The North-East Democratic Alliance (NEDA), which Sarma convenes, was formed in 2016 to consolidate non-Congress governments across the region and coordinate development priorities. The platform has been credited with reducing political fragmentation that historically slowed project execution.

Stakeholders and Impact

For ordinary residents of Assam and the broader Northeast, the shift from conflict to connectivity has had tangible consequences: faster travel times on upgraded national highways, new airport terminals in smaller cities, and an uptick in domestic tourism. Industrial corridors and logistics parks have begun attracting manufacturing investment that was previously deterred by poor road access and security concerns.

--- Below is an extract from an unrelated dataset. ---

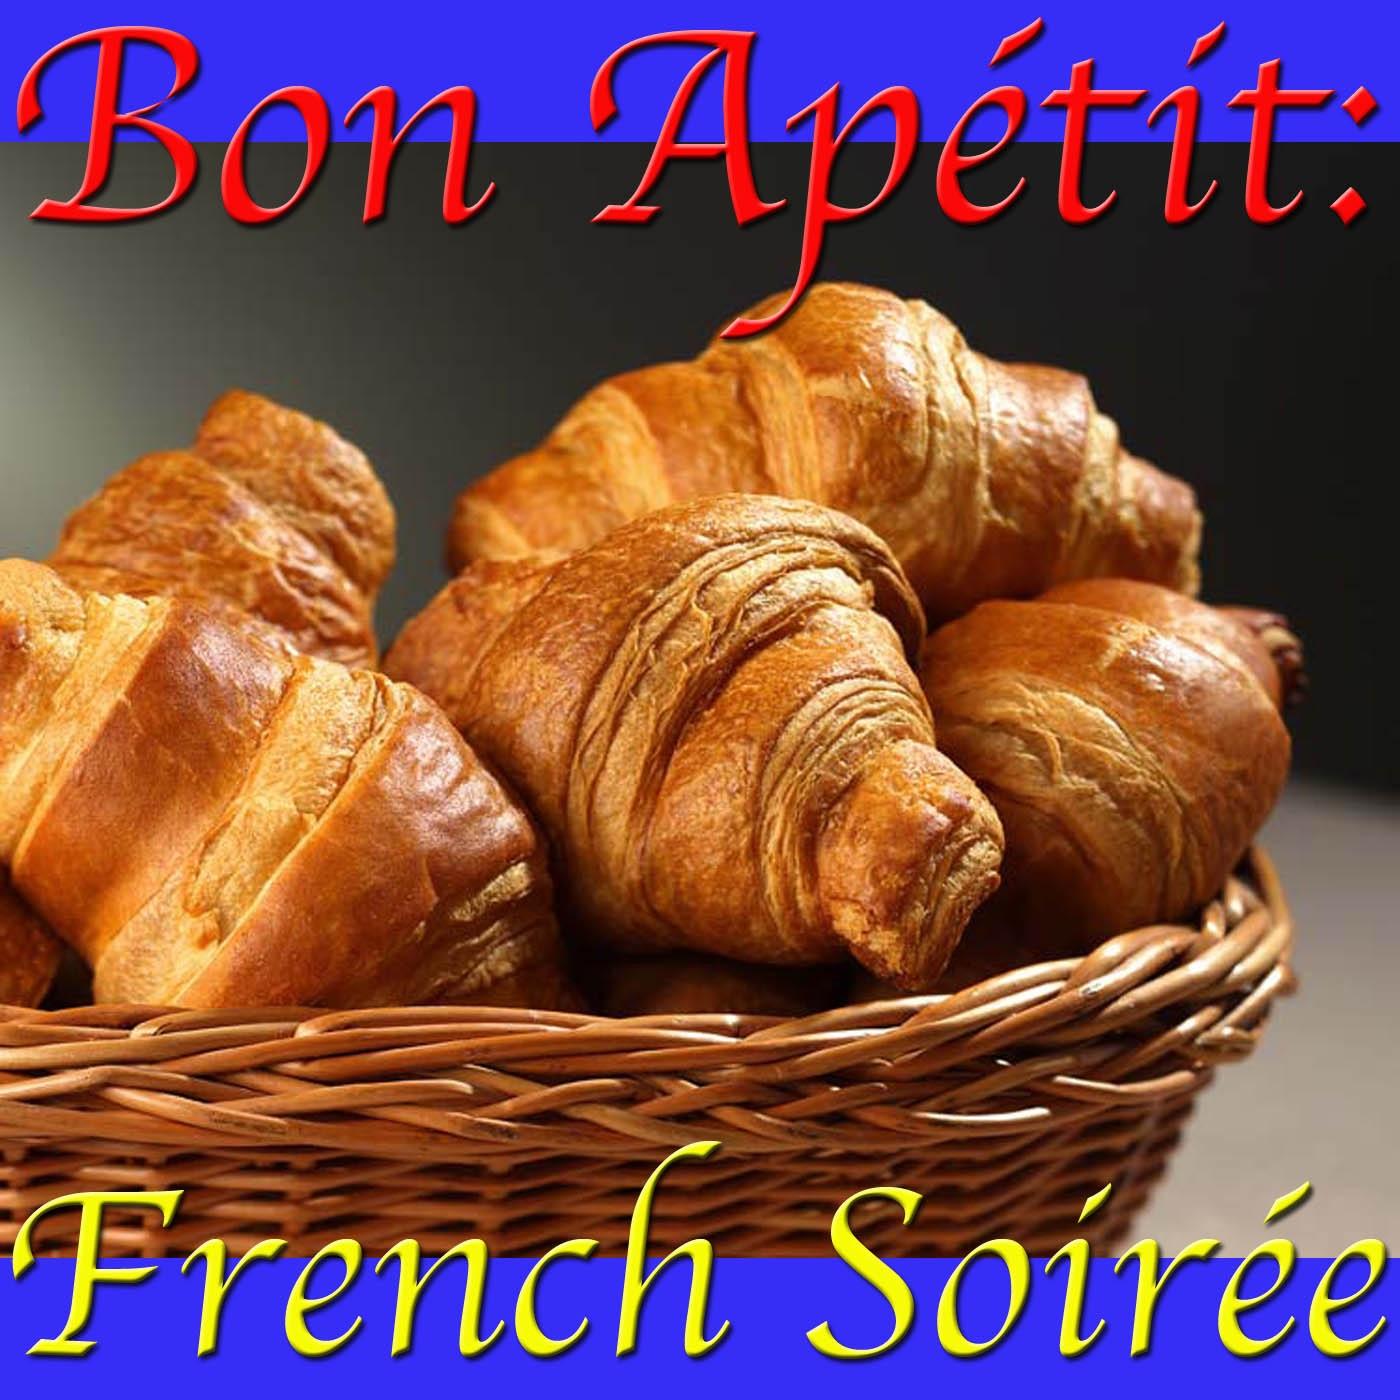 Bon Apétit: French Soirée
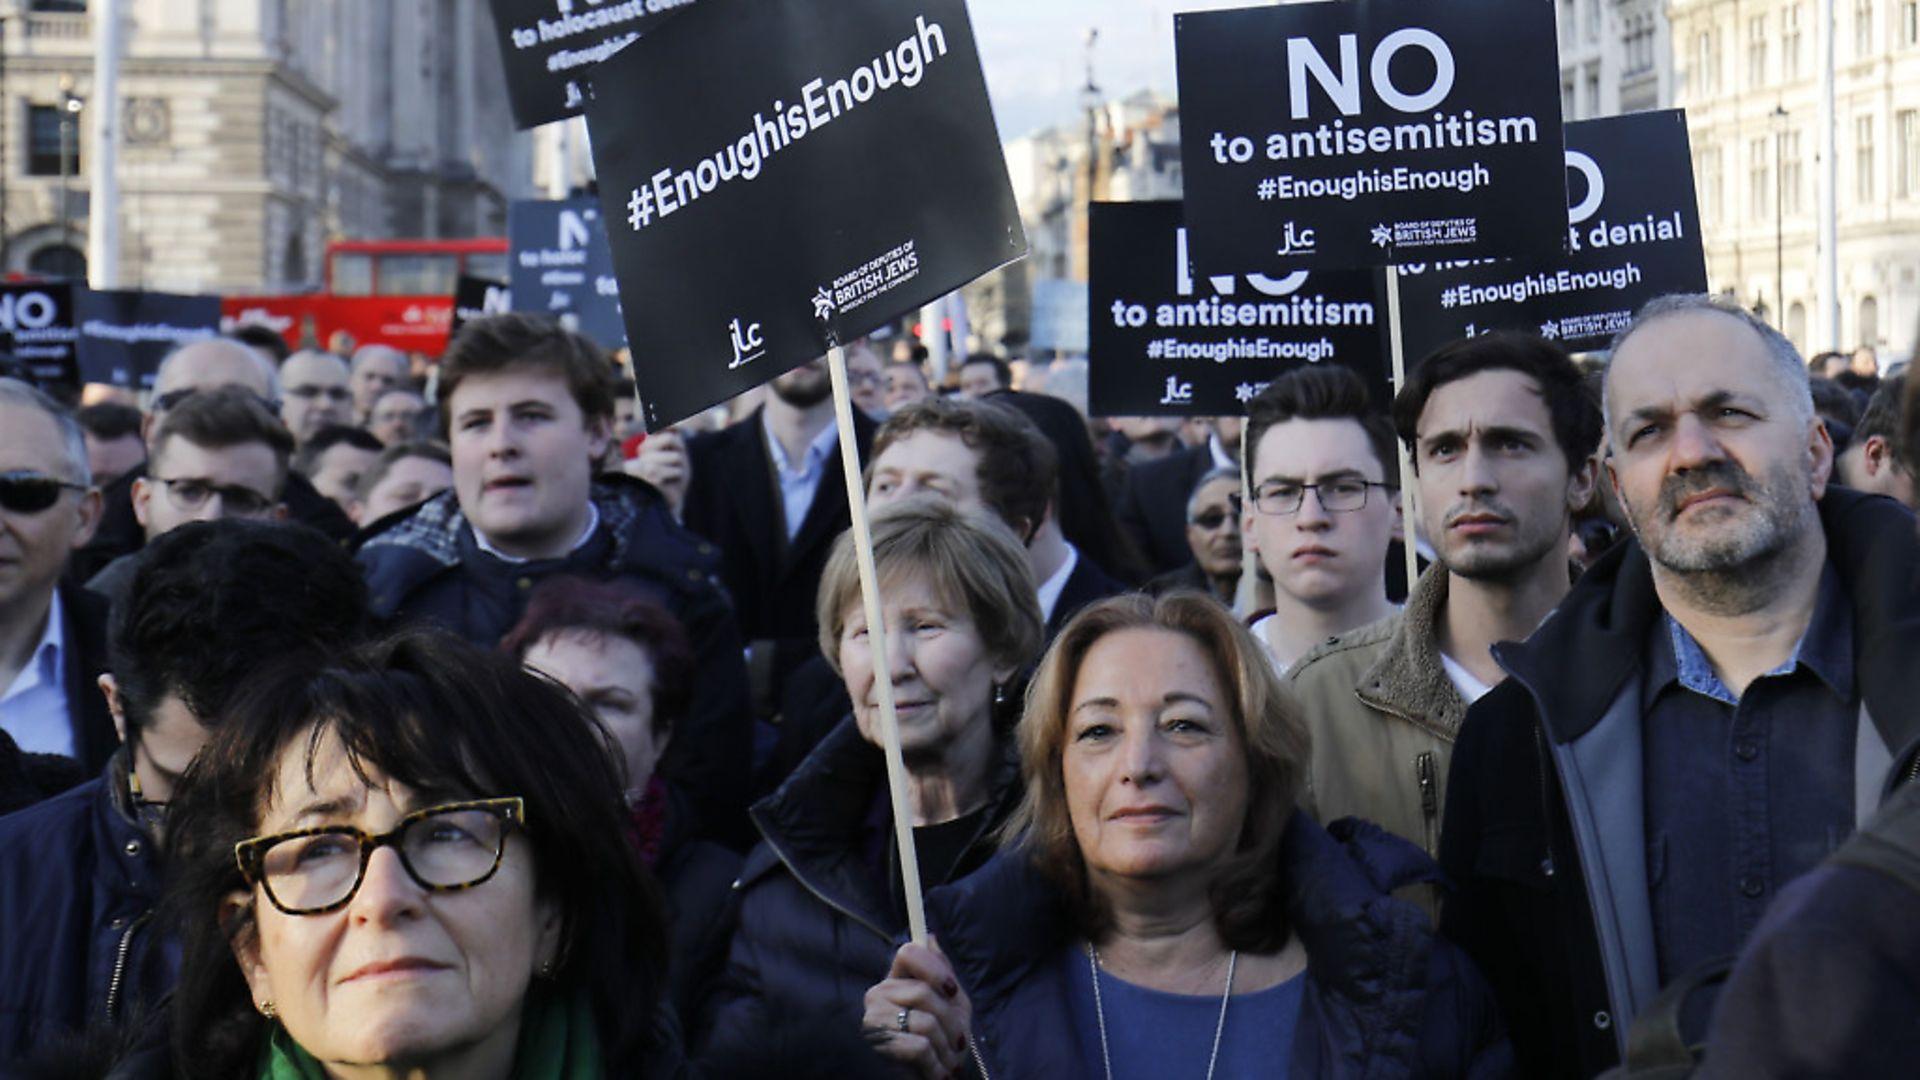 Members of the Jewish community hold a protest against anti-semitism. Photo: TOLGA AKMEN/AFP via Getty Images - Credit: AFP via Getty Images

Investors tracking the region note that the PM Gati Shakti framework has brought multimodal planning discipline to projects that earlier suffered from inter-ministry delays. For Northeast states, which depend heavily on central transfers, coordinated infrastructure spending under a single framework has accelerated disbursement and reduced duplication.

What's Next

Assembly elections are scheduled in several Northeast states in the coming cycle, making the development narrative politically consequential beyond Assam's borders. NEDA's cohesion — and the BJP's ability to point to completed projects rather than announced ones — will be tested on the campaign trail.

The next phase of centrally sponsored infrastructure projects under PM Gati Shakti will be a key indicator of whether the momentum Sarma describes translates into sustained economic growth or plateaus once the low-hanging connectivity gains are exhausted. How Assam leverages its improved infrastructure to attract private capital will define the next chapter of the Northeast's transformation story.

Point of View

Framing peace as a policy achievement rather than an organic development. By positioning Assam as the 'biggest beneficiary,' he reinforces his own state's centrality within the Northeast bloc ahead of assembly election cycles across the region. The invocation of #12YearsOfRisingNorthEast signals a coordinated BJP messaging campaign designed to convert infrastructure deliverables into electoral capital. The broader arc — from Look East to Act East to Gati Shakti — represents a genuine policy evolution, but the degree to which credit belongs to central policy versus state execution remains a live political debate.
NationPress
20 Jun 2026

Frequently Asked Questions

What is the #12YearsOfRisingNorthEast hashtag about?
The hashtag marks twelve years since 2014, when the BJP came to power at the centre and launched the Act East Policy, which the party credits with transforming the Northeast through peace negotiations and infrastructure investment.
Why does Himanta Biswa Sarma say Assam is the biggest beneficiary?
Assam, as the largest state in the Northeast with the most extensive road and river network, has received the largest share of central funding for highways, airports and industrial corridors over the past twelve years.
What is the Act East Policy and how does it affect Northeast India?
The Act East Policy, launched in 2014, replaced the Look East Policy and prioritised physical connectivity — roads, rail and digital infrastructure — to integrate the Northeast with Southeast Asia and attract investment.
What is NEDA and what role does Himanta Biswa Sarma play in it?
The North-East Democratic Alliance (NEDA) is a political platform of regional parties formed in 2016 to support stable, development-focused governments across the Northeast. Himanta Biswa Sarma serves as its convenor.
Has insurgency actually declined in Northeast India?
Yes, insurgency-related incidents declined sharply across most Northeast states from the mid-2010s onward, following peace negotiations with multiple armed groups, which created conditions for increased private investment and tourism.